Wednesday, June 21, 2017

Stumbling Through the Book of Revelation 1:11

    This phrase isn’t supposed to be here. There are a lot of ancient pieces of the Bible floating around. They give them all names: the Alexandrian copy, the Vulgate, the Syriac, the Ethiopic, the Complutensian and some others. Unfortunately, we don’t have the actual piece of parchment that John or Paul wrote on for their contributions to the Bible, so all the various translators have had to rely on these pieces of copies that are scattered about. The phrase “I am Alpha and Omega, the first and the last: and” is not in any of the above mentioned manuscripts. I looked at 26 Bible translations. 4 of them were various King James Bibles. Two others (Jubilee Bible 2000 and Young’s Literal Translation) had this phrase. The other 20 did not.
    This might be a good place to argue about the accuracy and dependability of today’s Bibles. I have read more than one article arguing that the King James Version is the only God Ordained English translation and all others are Satan’s tools to deceive us. I have heard several people argue that the original words written by the prophets were probably inspired but you can’t rely on any translation available today, so why even bother?
    I’ll tell you why: God went to an awful lot of trouble to make His Word available.
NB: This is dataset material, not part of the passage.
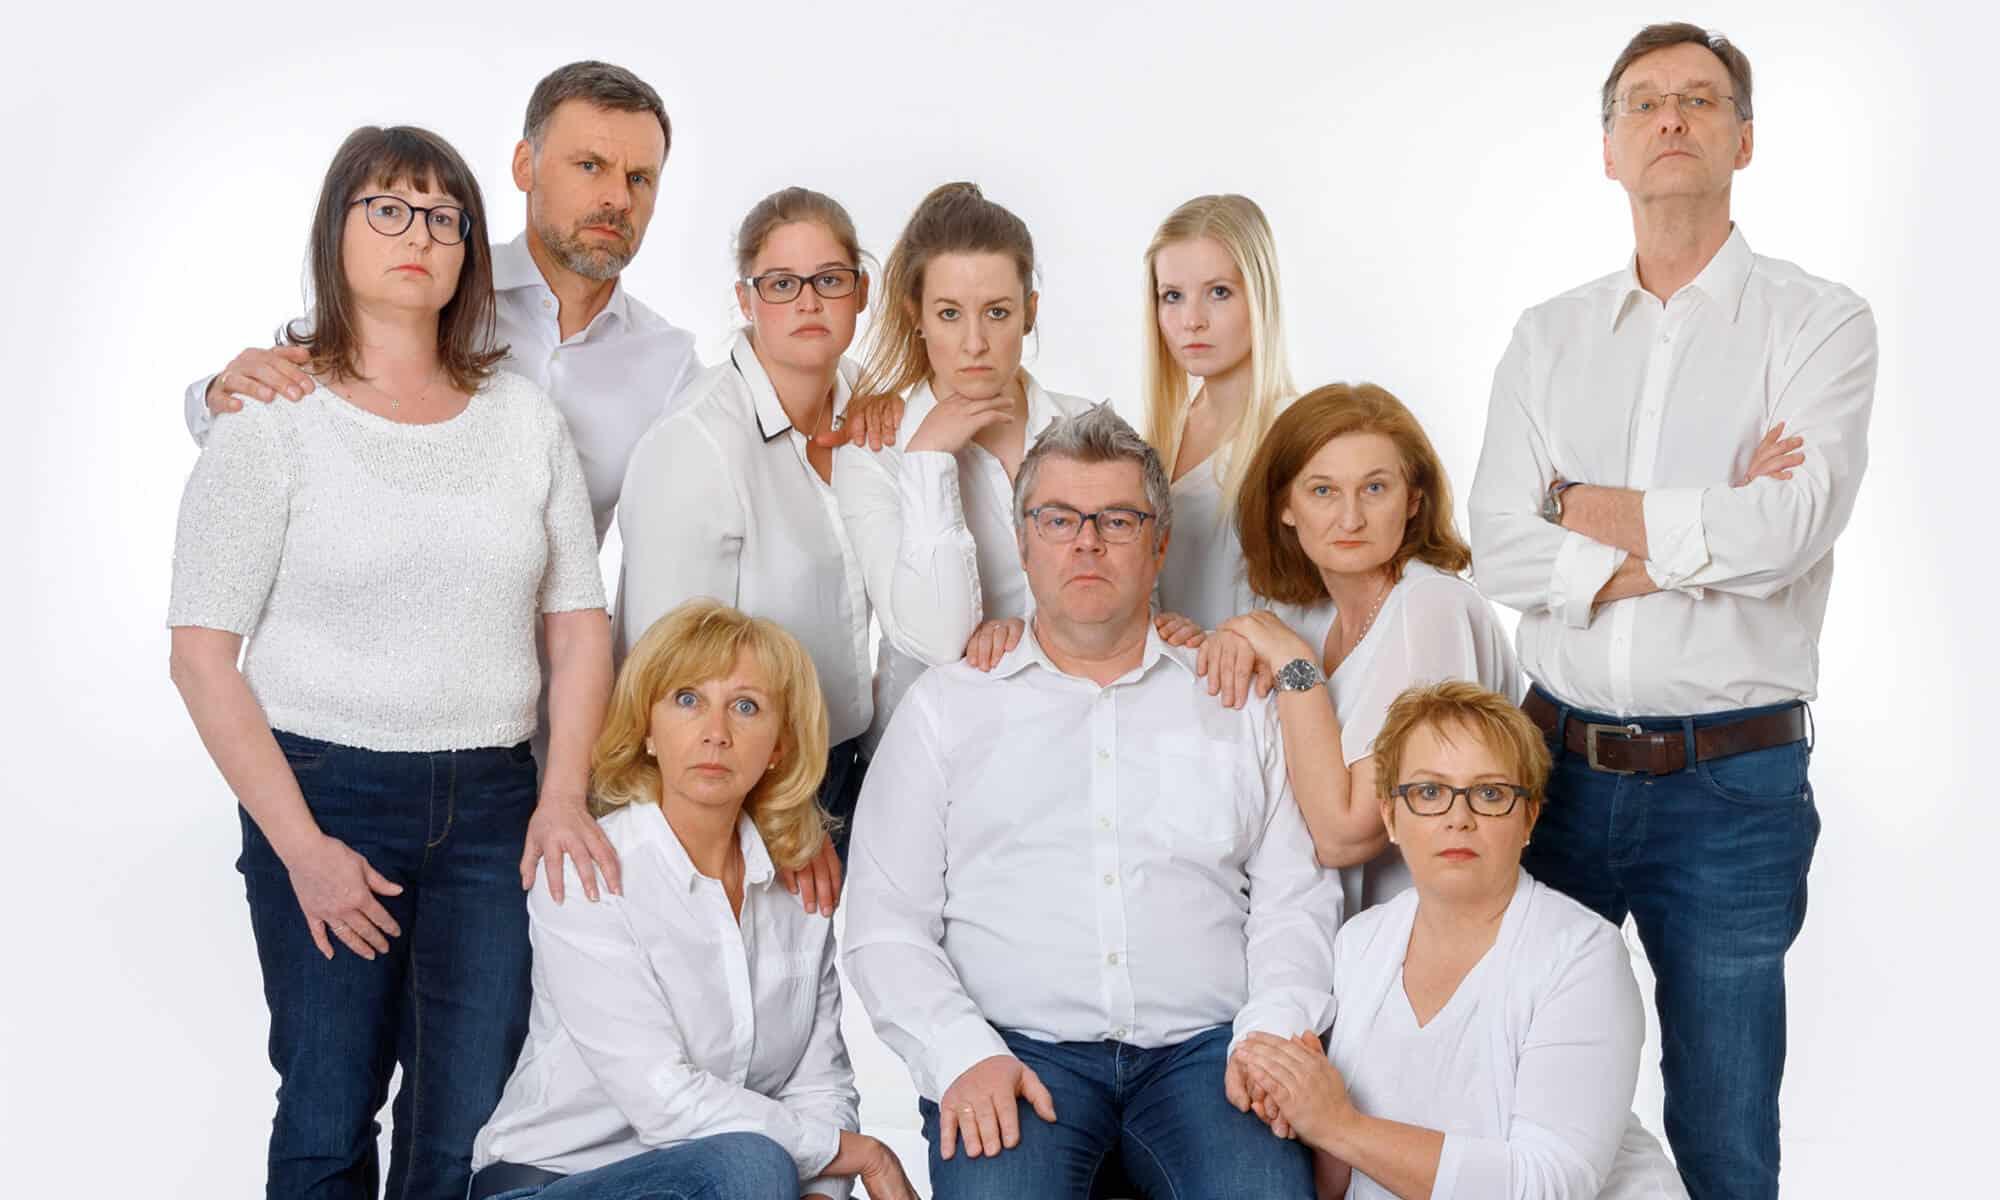 Die komplette Gruppe
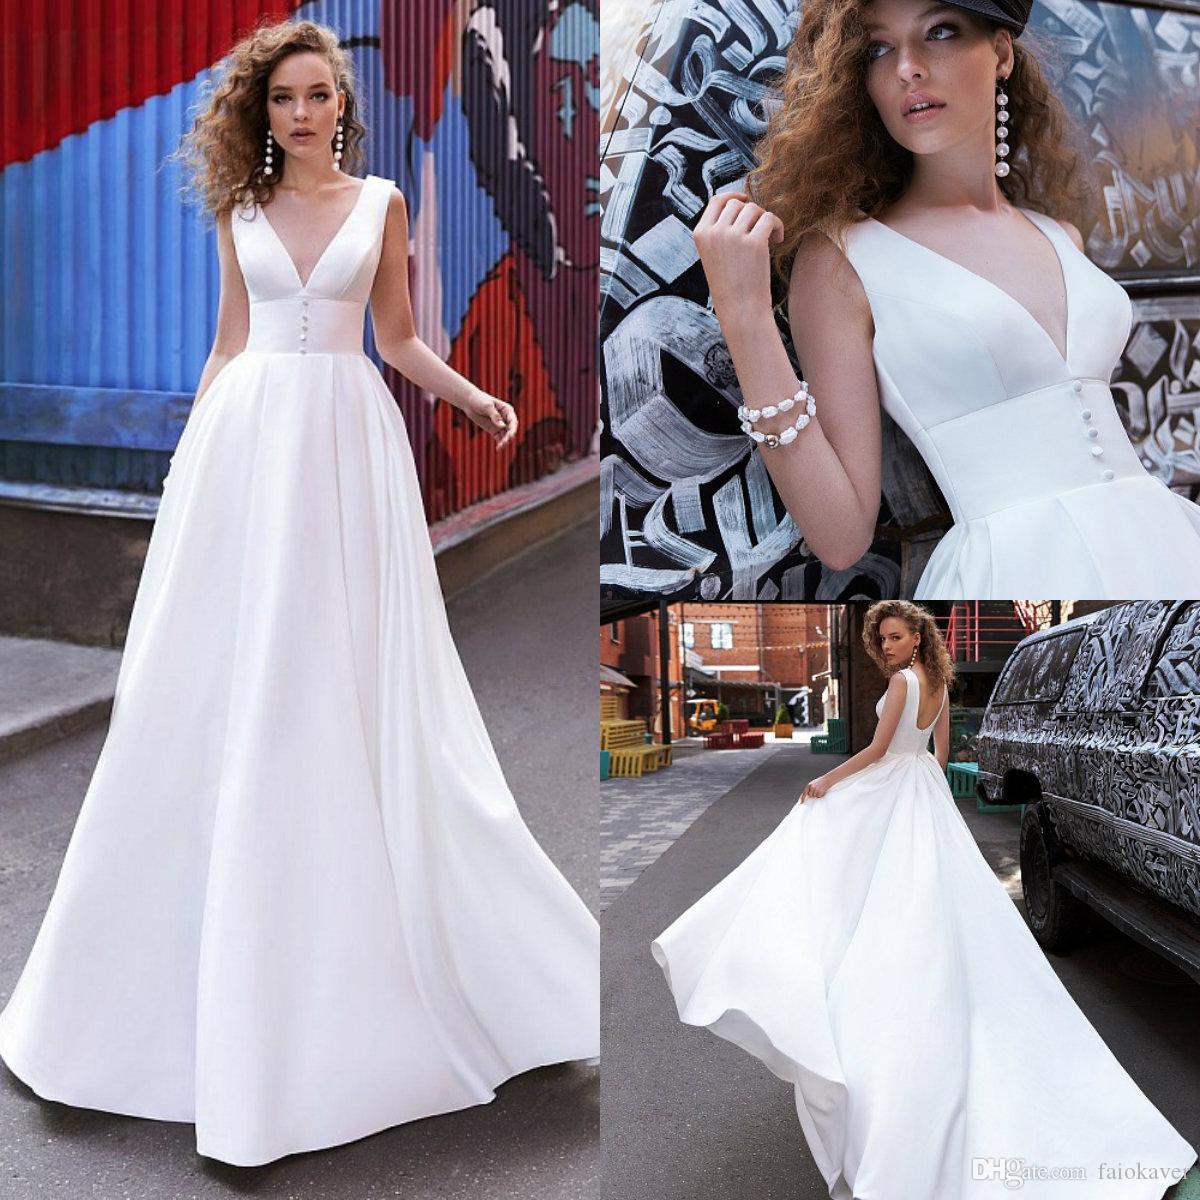 Simples Boho Vestido de Noiva A Linha de Trem da varredura profunda V Neck Satin Botão praia vestidos de casamento Custom Made Garden baratos vestidos de noiva

There had to be a reason. Do you really think He wouldn’t watch over it through the centuries?
Matthew 24:35 -  Heaven and earth shall pass away, but my words shall not pass away.
    If you are searching for God, read the Bible. Any Bible you can get. God will meet you where you are, if you diligently and sincerely seek Him. Jeremiah 29:13 - You will seek me and find me, when you seek me with all your heart. This would also include a lot of praying. Praying and reading God’s Word is how you seek God.
    Without the help of the Holy Spirit, you could read the original scrolls and tablets and still not make any sense out of it. With the Holy Spirit, God can reach you even if you are tending sheep in the wilderness with nothing to read at all.
    After you submit your life to God, you are going to want to obey the voice of God. What I find amazing are the number of people, and even random thoughts, that will claim to be the voice of God as soon as you make that commitment. A constant and thorough study of God’s Word, using every resource at your disposal, will reduce the chances that you could be fooled into letting all these voices confuse you. A thorough study of God’s Word also allows you to come across all these little treasures of information, and start figuring out that what you had always been told about the Bible, isn’t necessarily what the Bible actually says.  

    In my last post, I brought up the possibility that John was having more than visions. That he could have been physically taken into another realm where he could actually be there at the second coming of Christ. Right here I start to have a problem with that idea because John is told to write what he sees in a book. That would actually be a scroll, and the language used in the Greek right here would indicate that he was told to write it right now. Not later when he gets back to the cave. Scrolls are kind of awkward. Trying to picture anybody attempting to write into a scroll on the fly like that is kind of difficult. It’s a lot easier to imagine an old man at a desk of some sort, with glorious visions from God passing before his eyes while he does his best to describe those visions on the scroll on his desk. Then again, I’ve never written in a scroll...so what do I know. I honestly don’t know which is the right way to look at this.

    “Which are in Asia” is another phrase that was added somewhere along the line by helpful scholars who didn’t think we could find these churches if they didn’t tell us what district they were in.
    That backfired, didn’t it? You could go blind trying to find any of these churches in Asia, and it wouldn’t be your fault. They moved Asia!

    Well, you know where Asia is. This ain’t it, and the phrase “which are in Asia” isn’t in the oldest manuscripts, so let’s just forget we ever saw it.
   
SevenChurches.jpeg
    By the time this book was written, there were churches all through the Mediterranean. John knew full well these letters were going far beyond these seven churches. He had already labeled this work as prophecy back in the third verse. So why did Jesus name these seven churches, in this order? Oh, let me count the speculations…
    Any ship headed East from Patmos is going to land in Ephesus. The churches listed would have been visited in the order they are listed if you took the logical route. It’s about 260 miles all the way around from Ephesus to Laodicea. These seven churches could have formed a little network where they regularly shared information and resources. Please allow six to eight weeks for delivery.
    There are those that want to point out these were real churches with real issues that Jesus wanted to address. I have read that every church contends with each of these same issues to varying degrees. Some have preached that these issues are not just issues in the church. People live with these very issues to some extent or another on a  personally level.
I have also read where these churches, in this order, represent a sort of panorama of church history. Some other commentators take great issue with this idea, which to my way of thinking lends a certain credence to the idea. Nothing draws more intense opposition than the truth.
I believe all of the above. Why not? Churches are made up of people. Any instruction that would be good on an individual level would be just as good on a corporate level. As for the history of the church, history is full of critical lessons. Lessons we , as humans, too often refuse to learn.